## DATA SUPPLIED

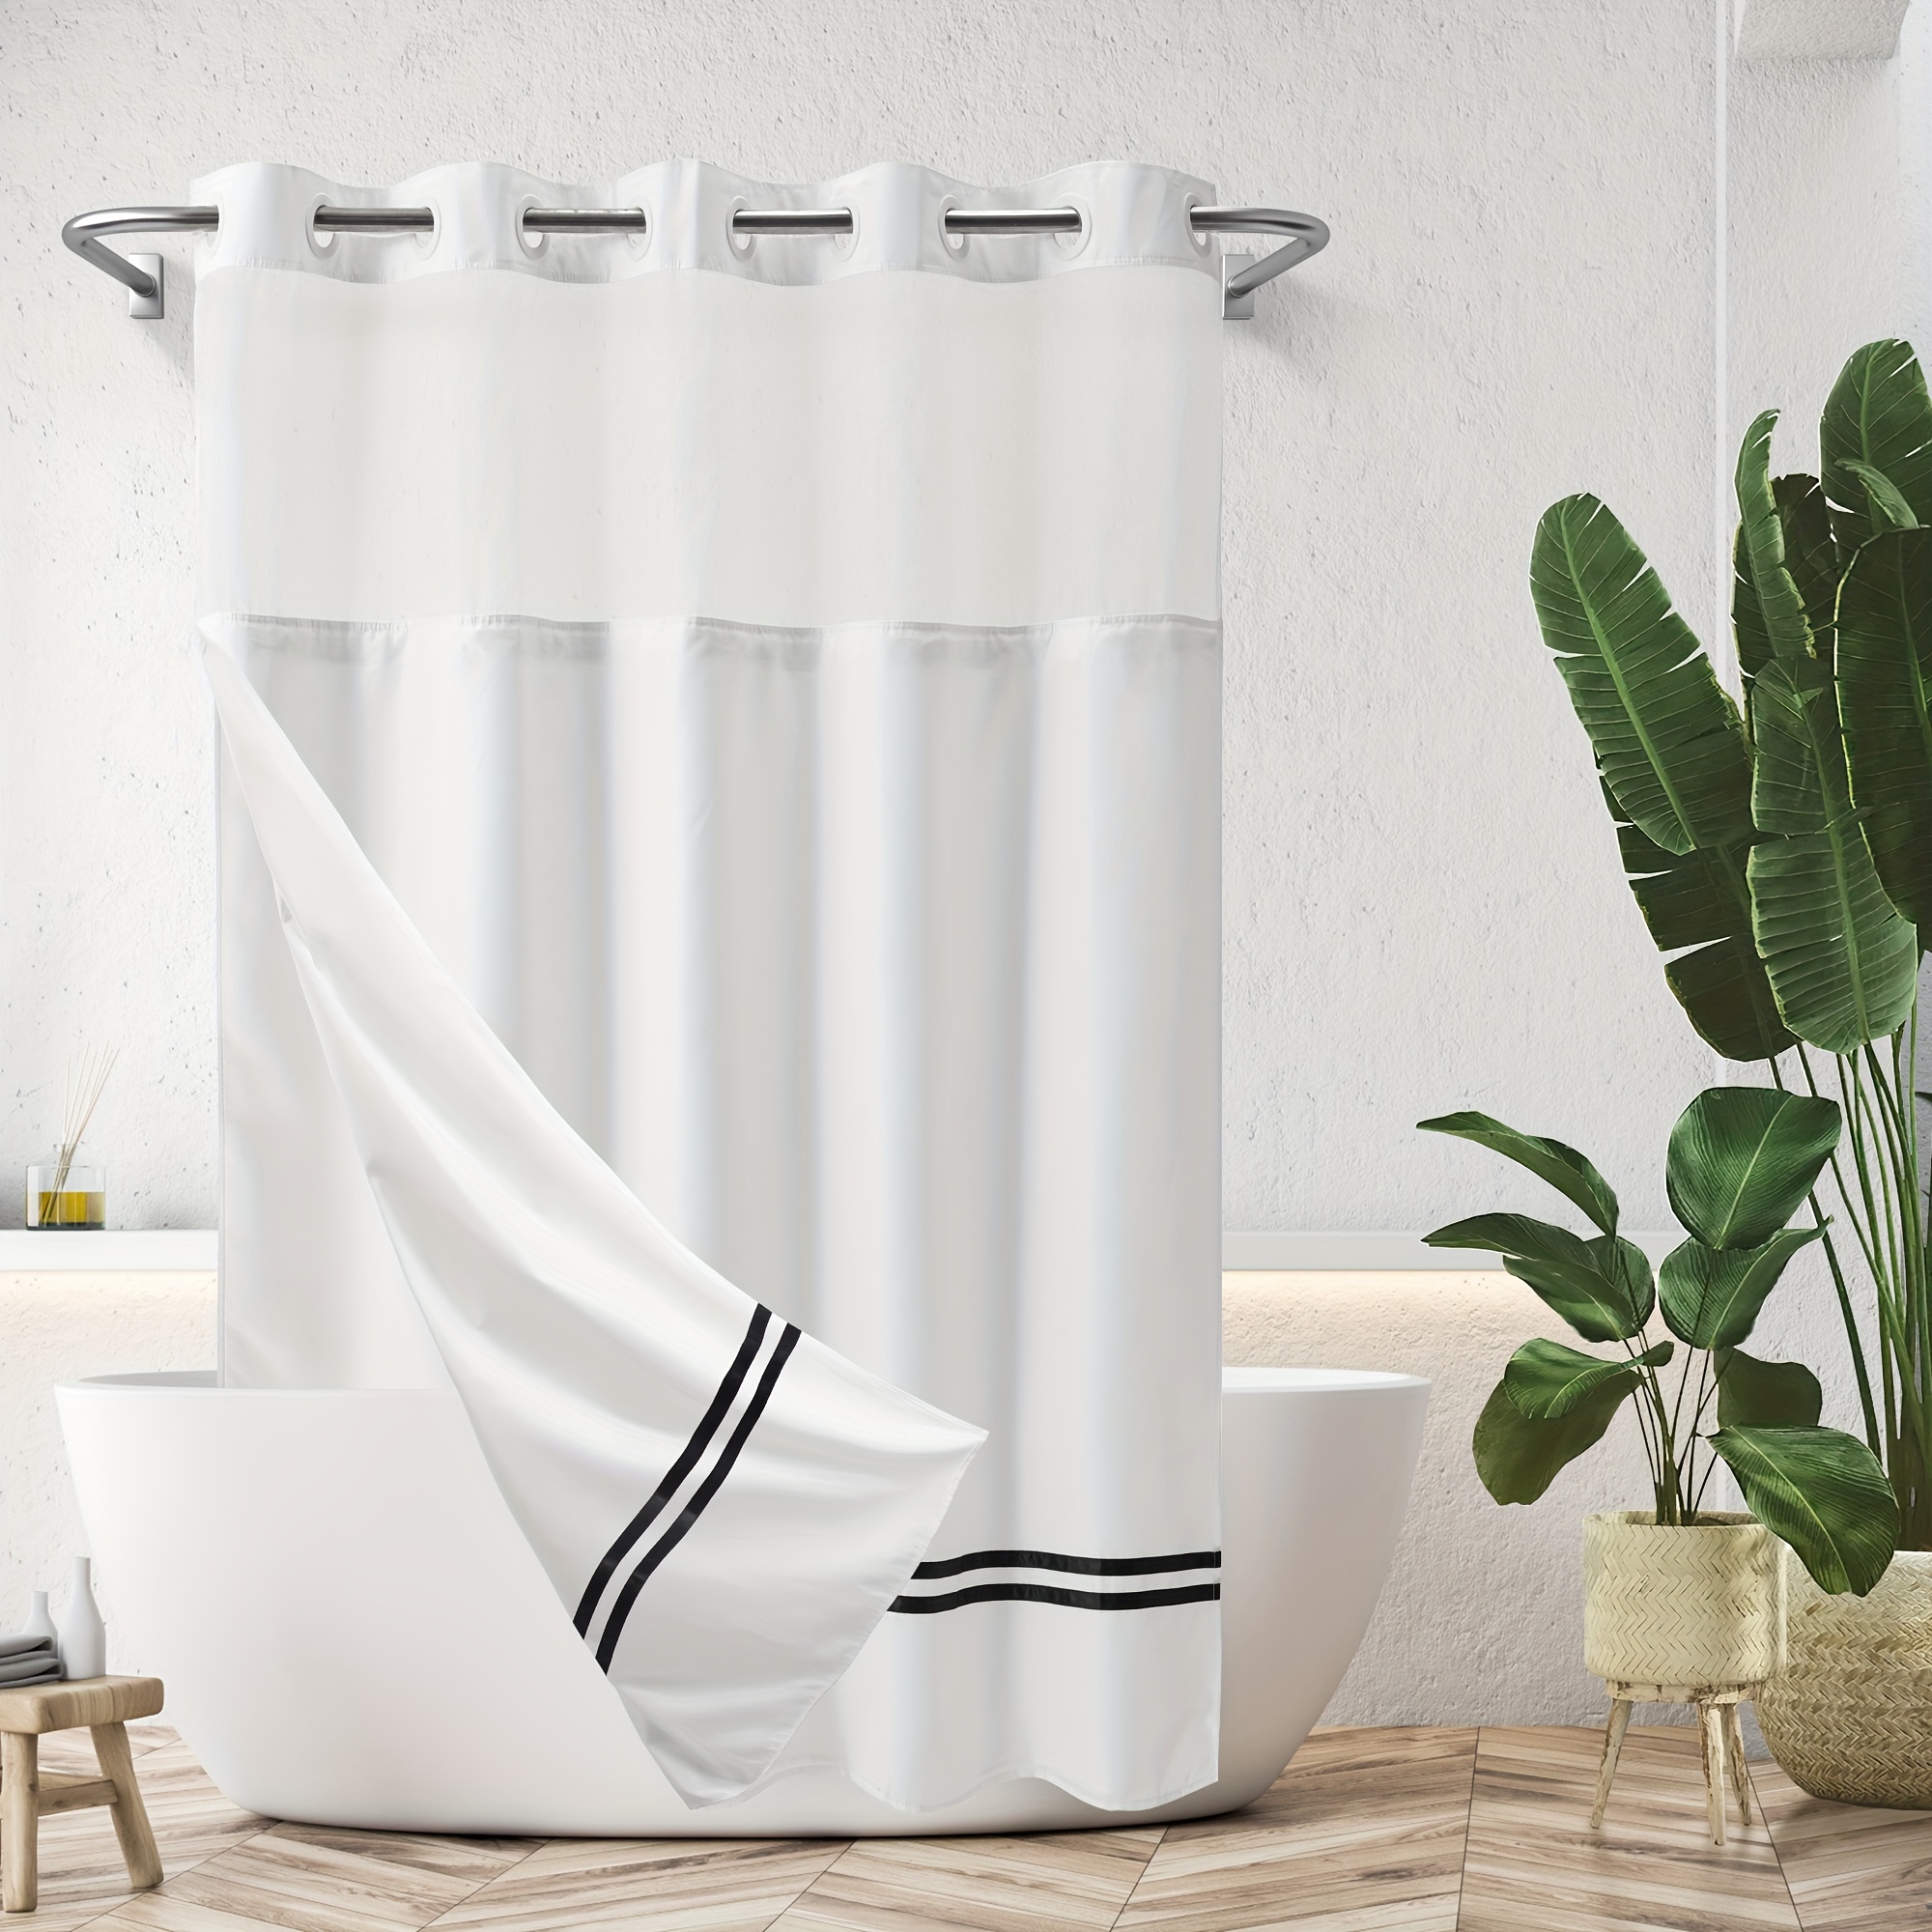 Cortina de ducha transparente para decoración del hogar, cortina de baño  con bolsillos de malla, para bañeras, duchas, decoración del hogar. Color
--
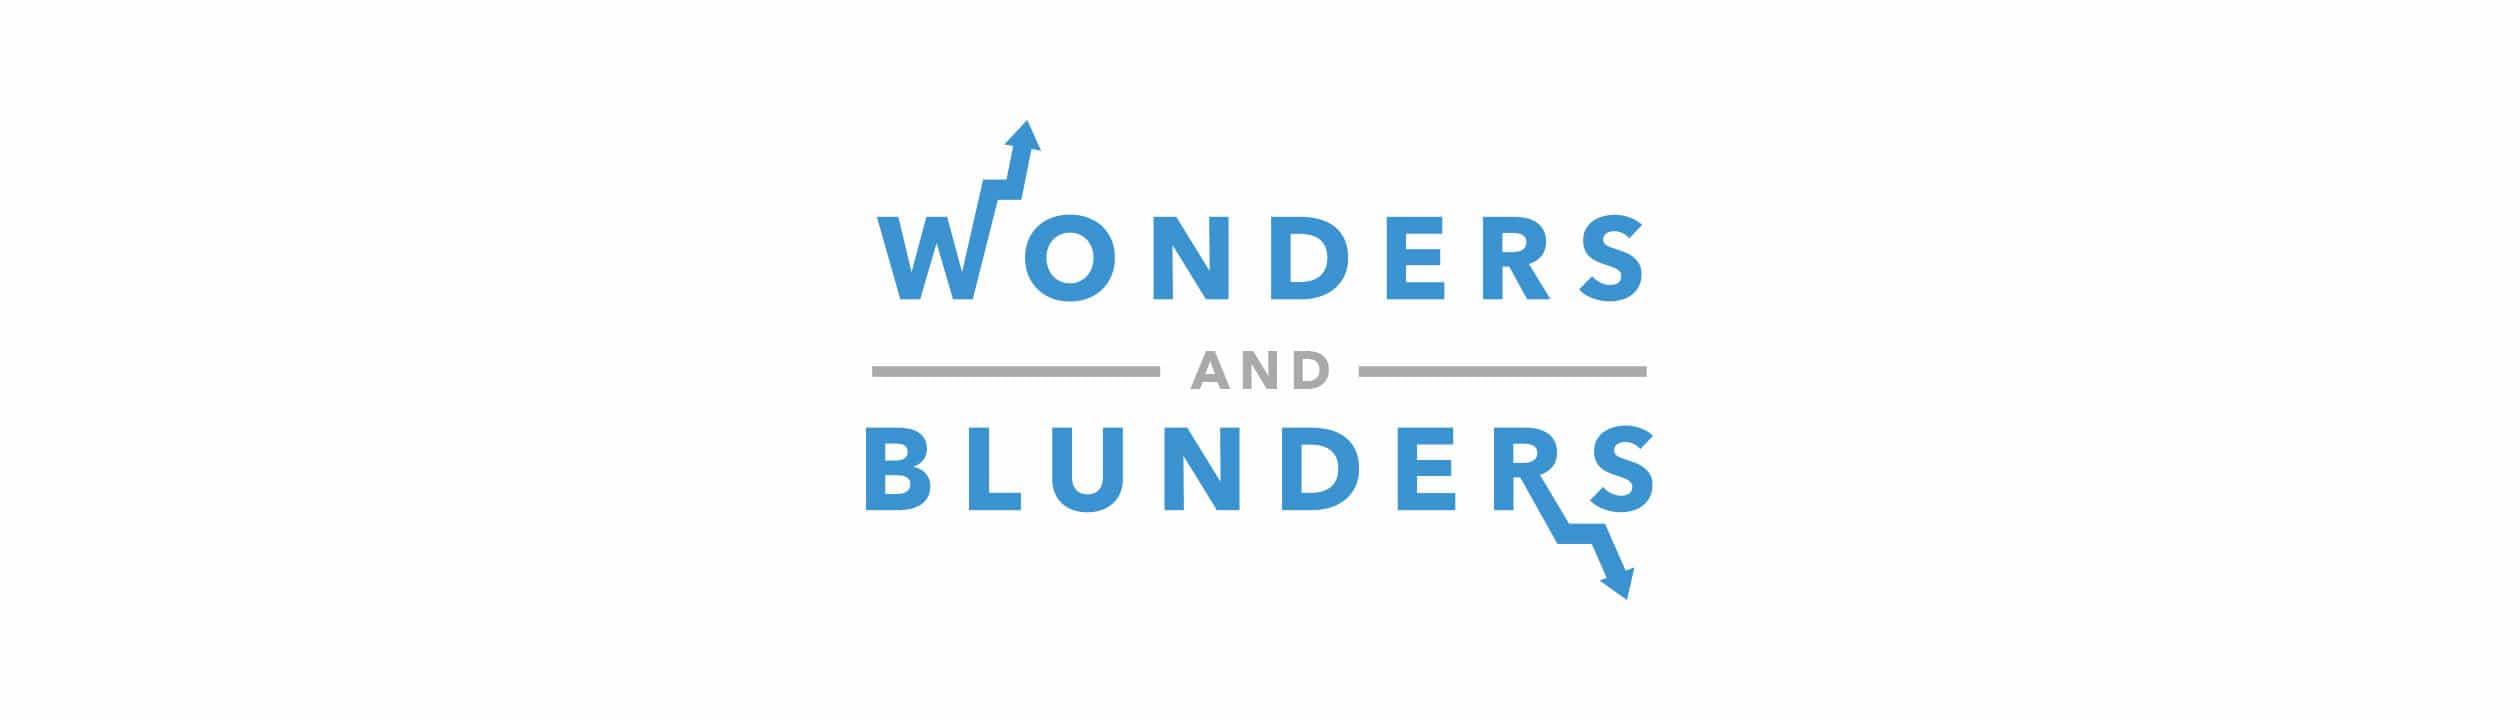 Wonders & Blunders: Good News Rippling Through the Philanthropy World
---
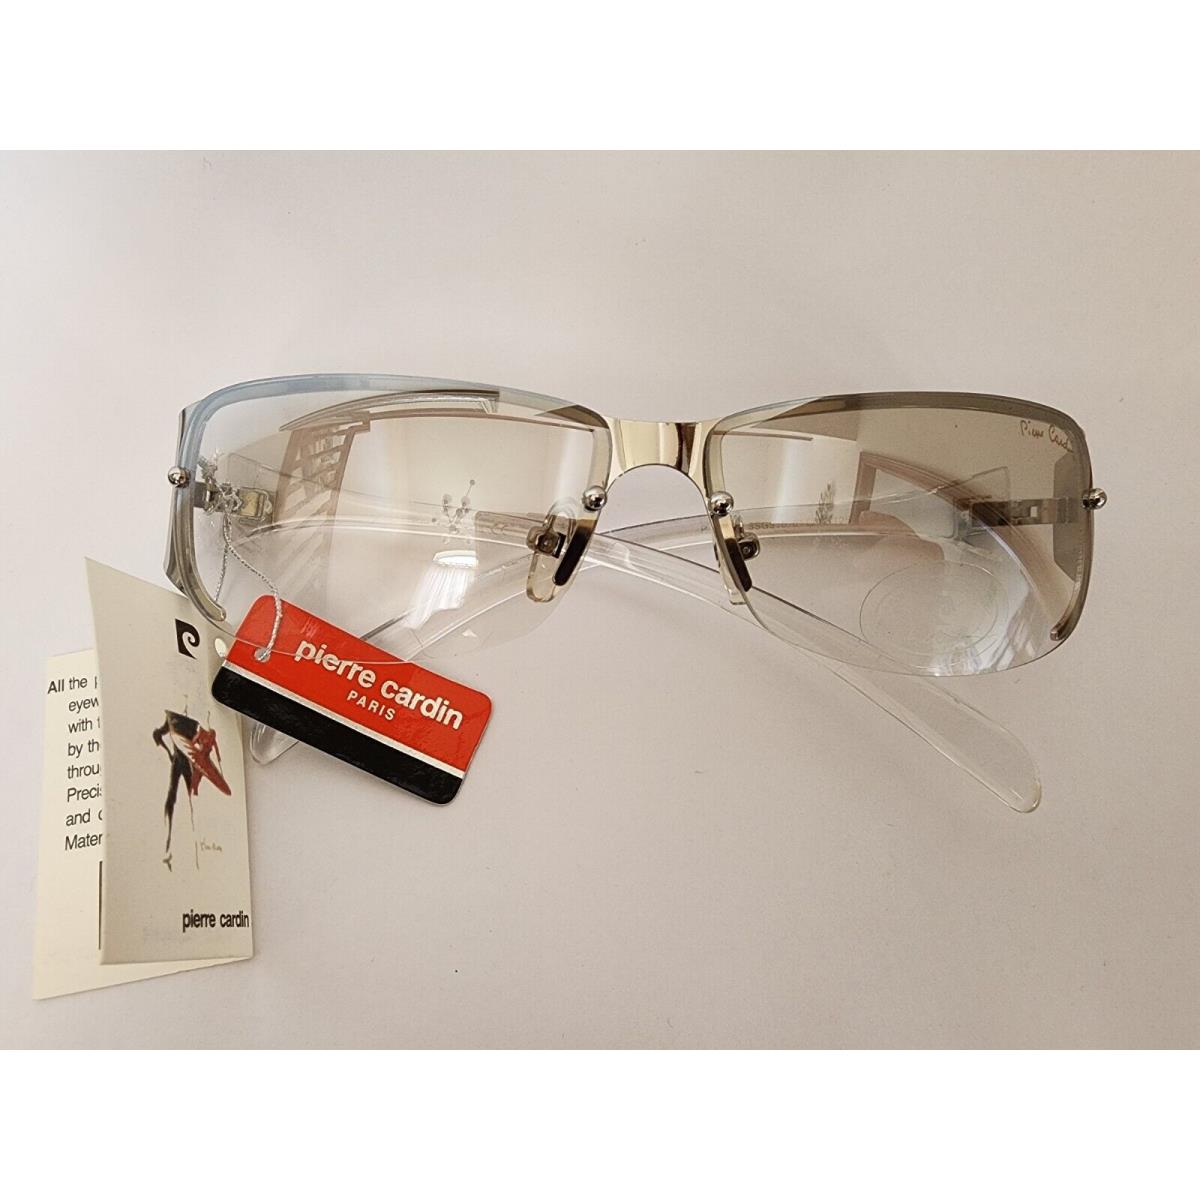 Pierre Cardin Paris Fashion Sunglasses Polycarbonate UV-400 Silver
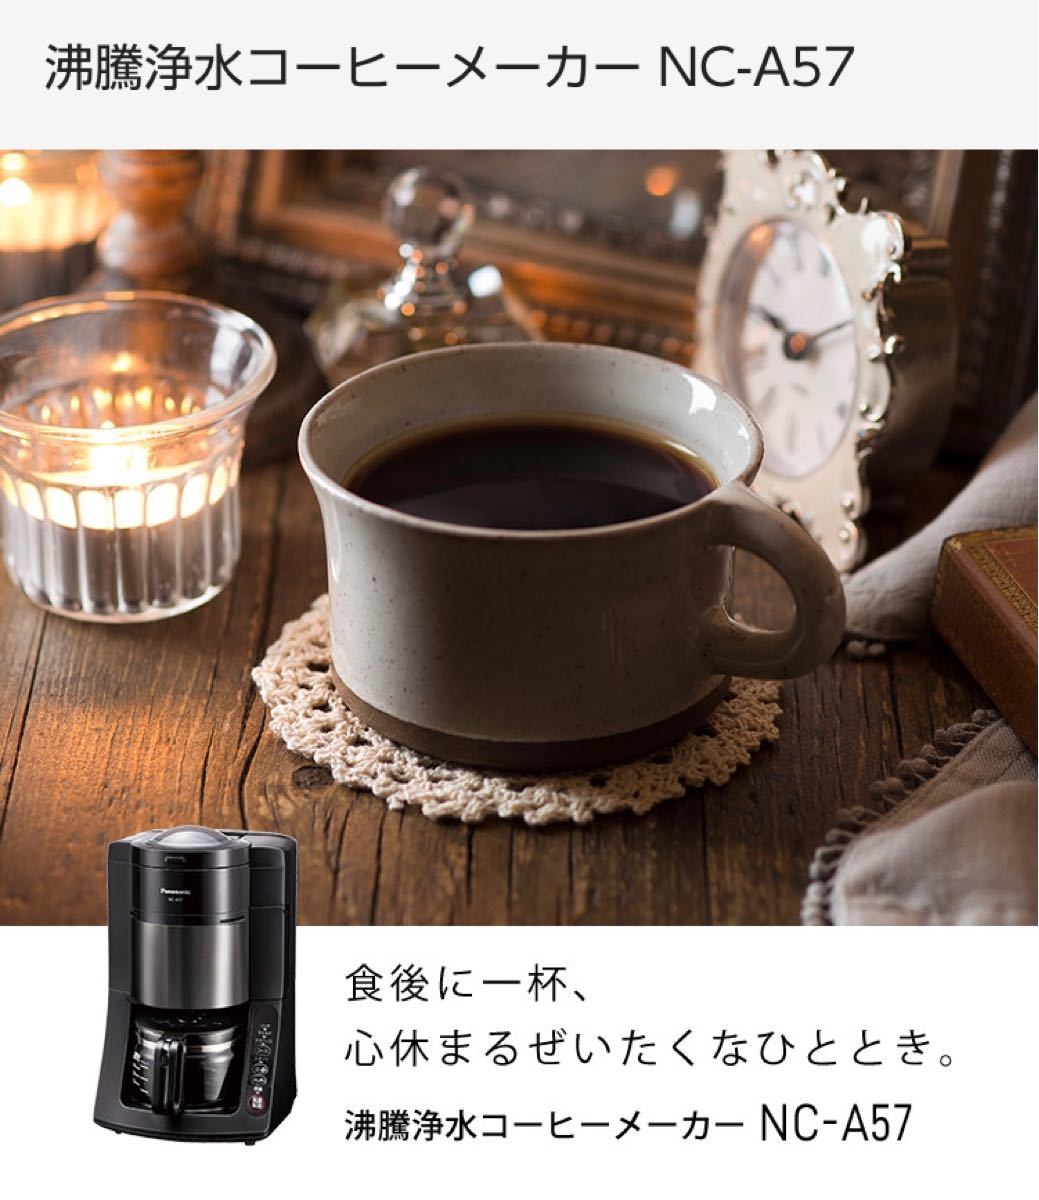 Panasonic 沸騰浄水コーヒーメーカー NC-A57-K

## EXERCISE REQUIREMENTS
For this exercise, return exactly the lines above from the line with "Pierre Cardin Paris" through the line with "Panasonic 沸騰浄水コーヒーメーカー NC-A57-K", both included. Do not copy the pictures.

## EXERCISE SOLUTION
 Pierre Cardin Paris Fashion Sunglasses Polycarbonate UV-400 Silver
 Panasonic 沸騰浄水コーヒーメーカー NC-A57-K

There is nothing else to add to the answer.